Nasional

Siap Mental dan Spiritual, Dua Bekal Saat Terima Perjodohan

Jum, 20 Mei 2022 | 21:00 WIB

Siap Mental dan Spiritual, Dua Bekal Saat Terima Perjodohan

Pengasuh Pesantren Putri Al-Ihsan Lirboyo Kediri, Imas Fatimatuz Zahro (Ning Imas) dalam bincang santai. (Foto: Tangkapan layar YouTube NU Online)

Jakarta, NU Online
Pengasuh Pesantren Putri Al-Ihsan Lirboyo Kediri, Imas Fatimatuz Zahro, mengatakan bahwa perjalanan dalam pernikahan tidak semulus yang dikira kebanyakan khalayak. Setiap pasangan pasti akan menemui gelombang yang menghadang bahtera rumah tangga. Oleh karena itu, harus siap mental dan spiritual.
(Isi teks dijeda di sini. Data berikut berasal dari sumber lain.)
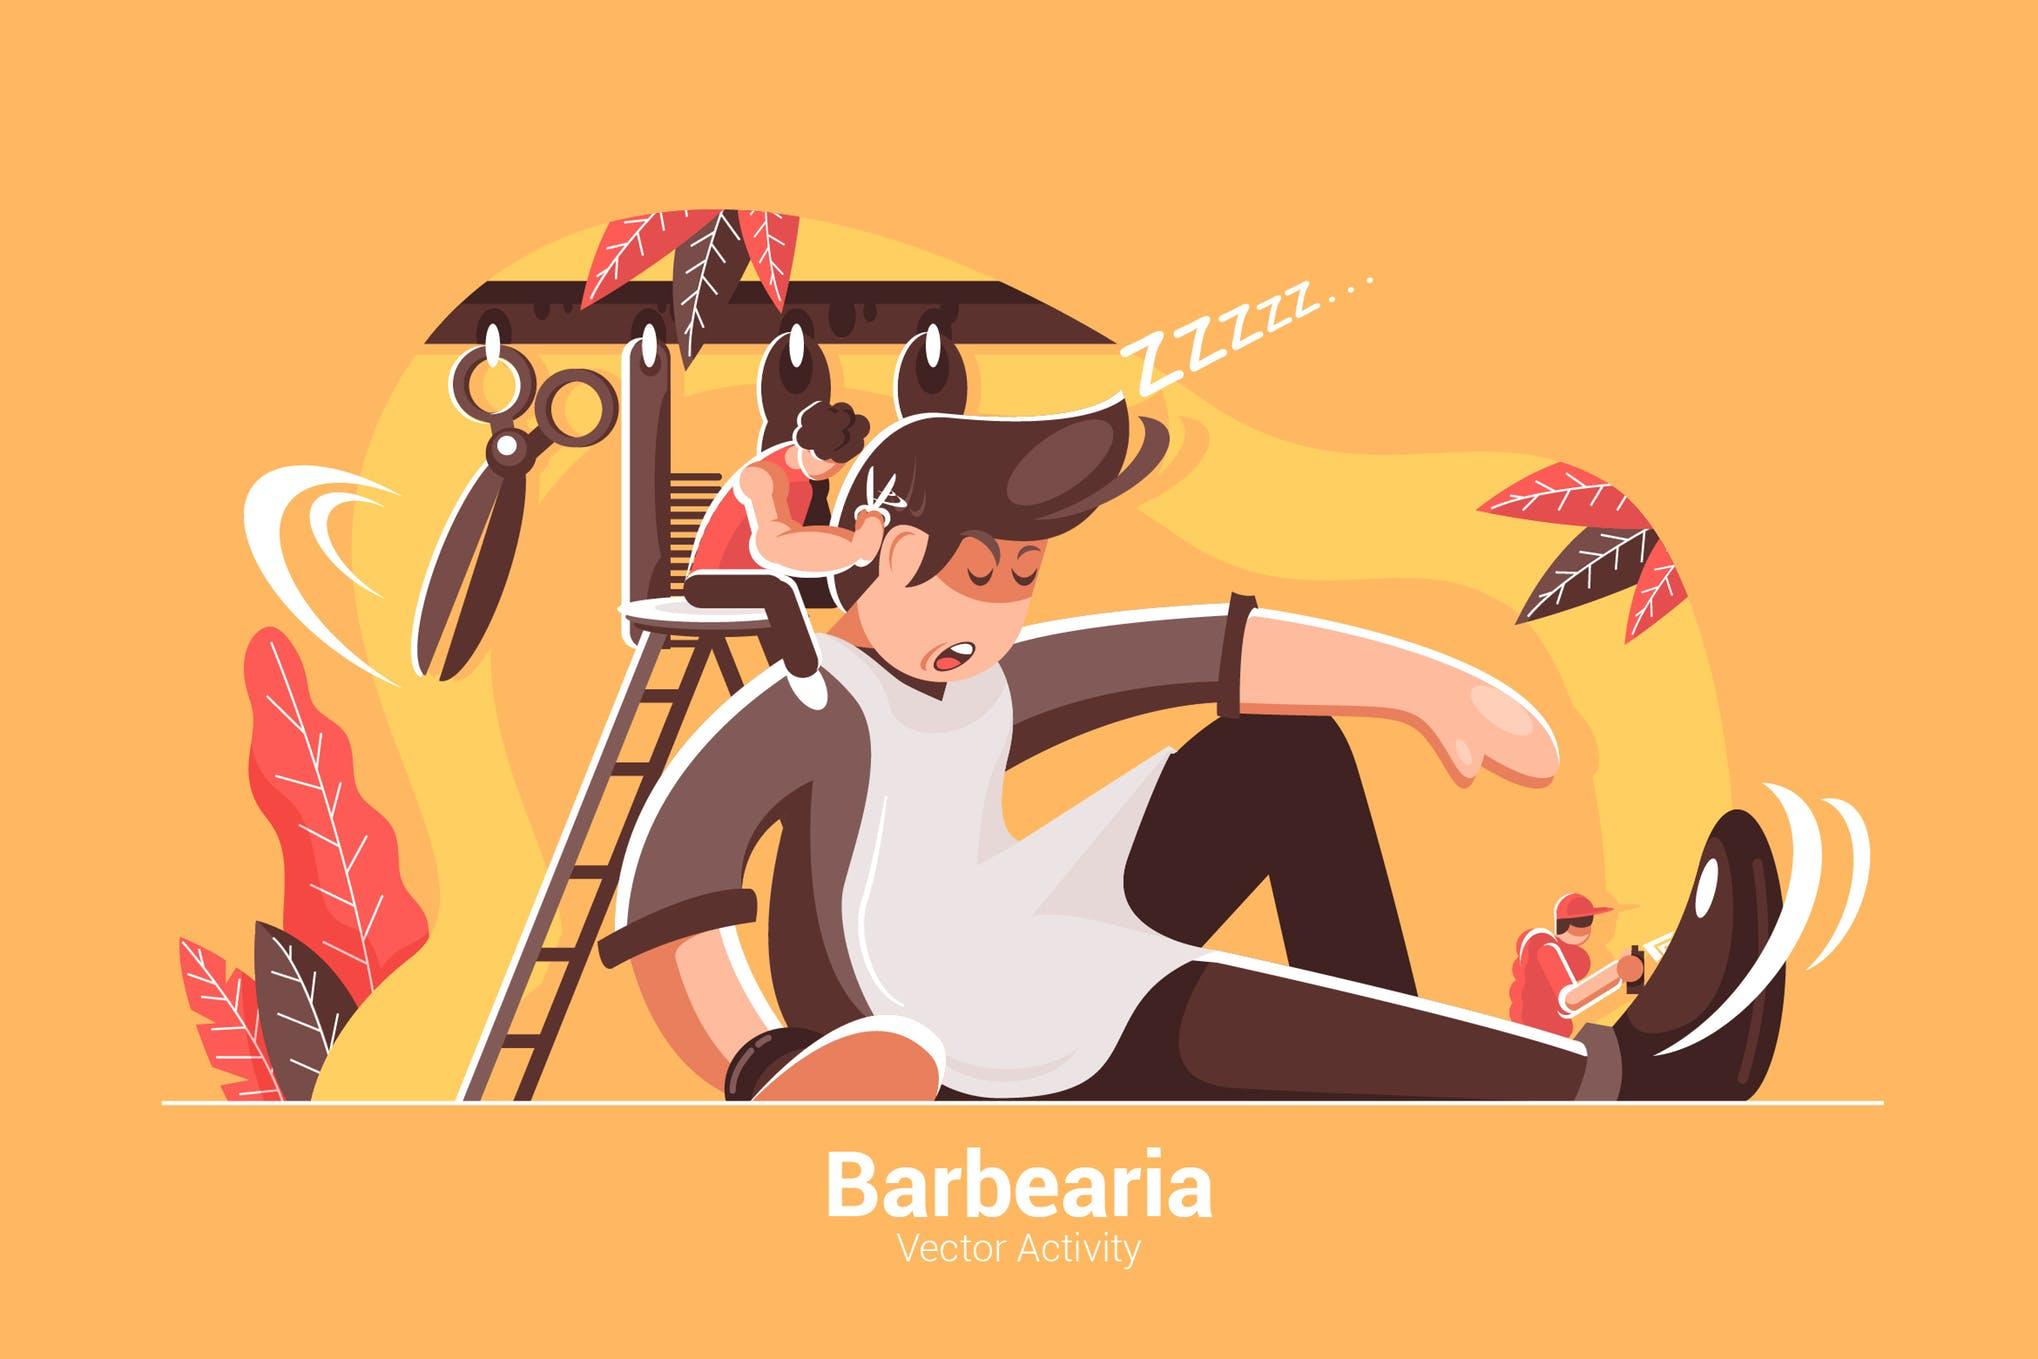 修饰场景素材插画模板素材下载Barbearia - Vector Illustration
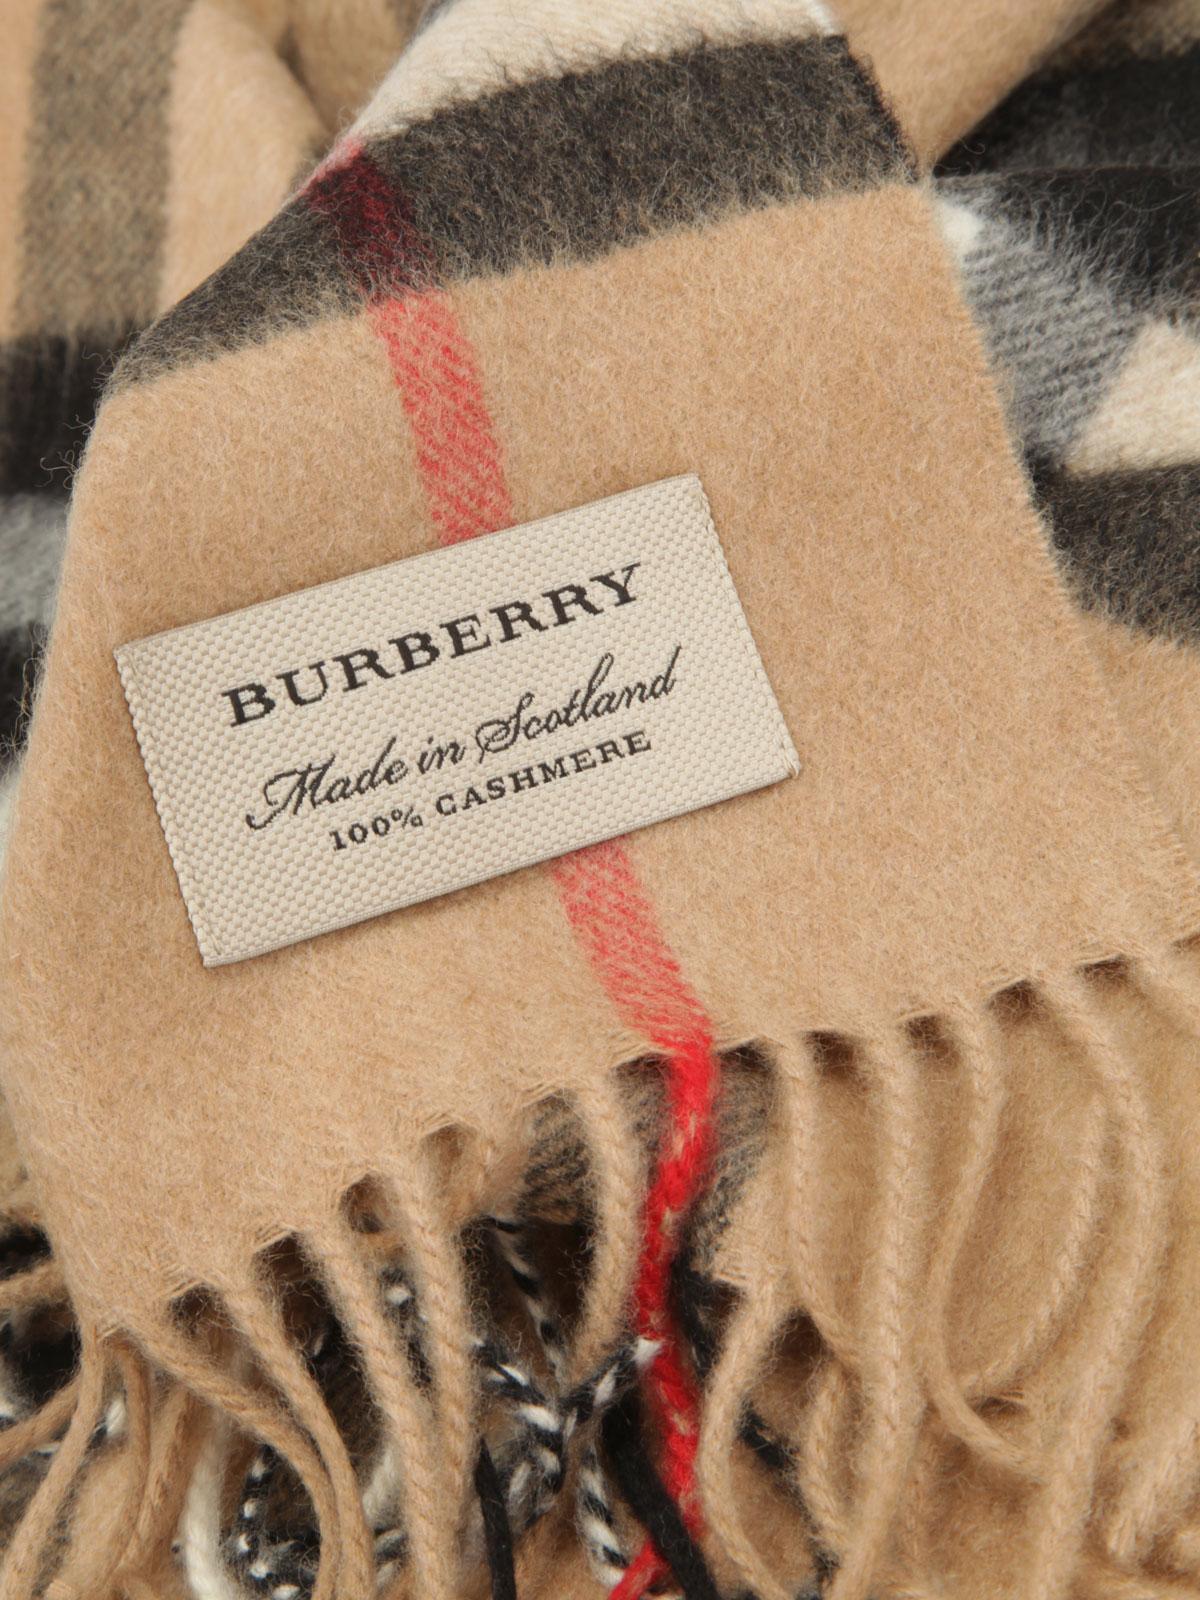 Cashmere Sciarpe Sciarpa In Heritage Foulard Burberry Check E qwpap

Pernyataan tersebut disampaikan Ning Imas saat wawancara yang dilakukan tim NU Online sebulan silam dan ditayangkan kembali di kanal YouTube NU Online dengan tema 5 Tips Saat Dijodohkan pada Kamis (19/05/2022) malam.


“Dalam hal menerima perjodohan, siap mental dan spiritual itu keniscayaan. Ketika di awal sudah mengiyakan, maka harus diupayakan sebaik mungkin. Akan tetapi, jika kita belum siap menerima perjodohan maka utarakan dengan cara yang baik. Karena orang tua pasti memahami,” tuturnya. 


Ning Imas juga mempertegas bahwa masalah hati dan ridha itu merupakan perkara lain dari jasad terpisah. Banyak orang yang menerima perjodohan, padahal hatinya dusta. Jadi, masalah penerimaan itu lebih berat dari yang terlihat.


“Ada yang sudah menjalani, tapi ternyata masih sedang berproses menerima kenyataan yang terjadi. Ini tidak apa-apa, karena itulah prosesnya,” imbuh putri KH A Kholiq Ridwan Abdurrozaq Lirboyo itu.


Setidaknya jika di awal semisal sudah ada 60% komitmen untuk menjalani bahtera rumah tangga, lanjut dia, itu sudah lebih baik daripada tidak ada sama sekali.


“Nabi pun ketika diminta keadilan untuk mencintai istrinya dengan setara dalam artian ‘urusan hati’ lantas berdoa yang artinya: ‘Ya Allah jangan kau siksa aku dengan perkara yang tidak aku miliki sedangkan Engkau memilikinya’,” tutur perempuan berusia 25 itu.


Karena, kata Ning Imas, urusan hati dan penerimaan berbeda dengan realita. Hati tidak bisa disetir, namun harus diupayakan secara berkala. Caranya supaya kita tidak terjebak dalam hubungan yang menyiksa diri sendiri.


“Yaitu dengan membuat batasan mana yang mampu kita terima dan mana yang tidak. Jadi, tangan yang satu untuk menolong orang lain. Sedang tangan lainnya untuk menolong diri sendiri,” pungkasnya.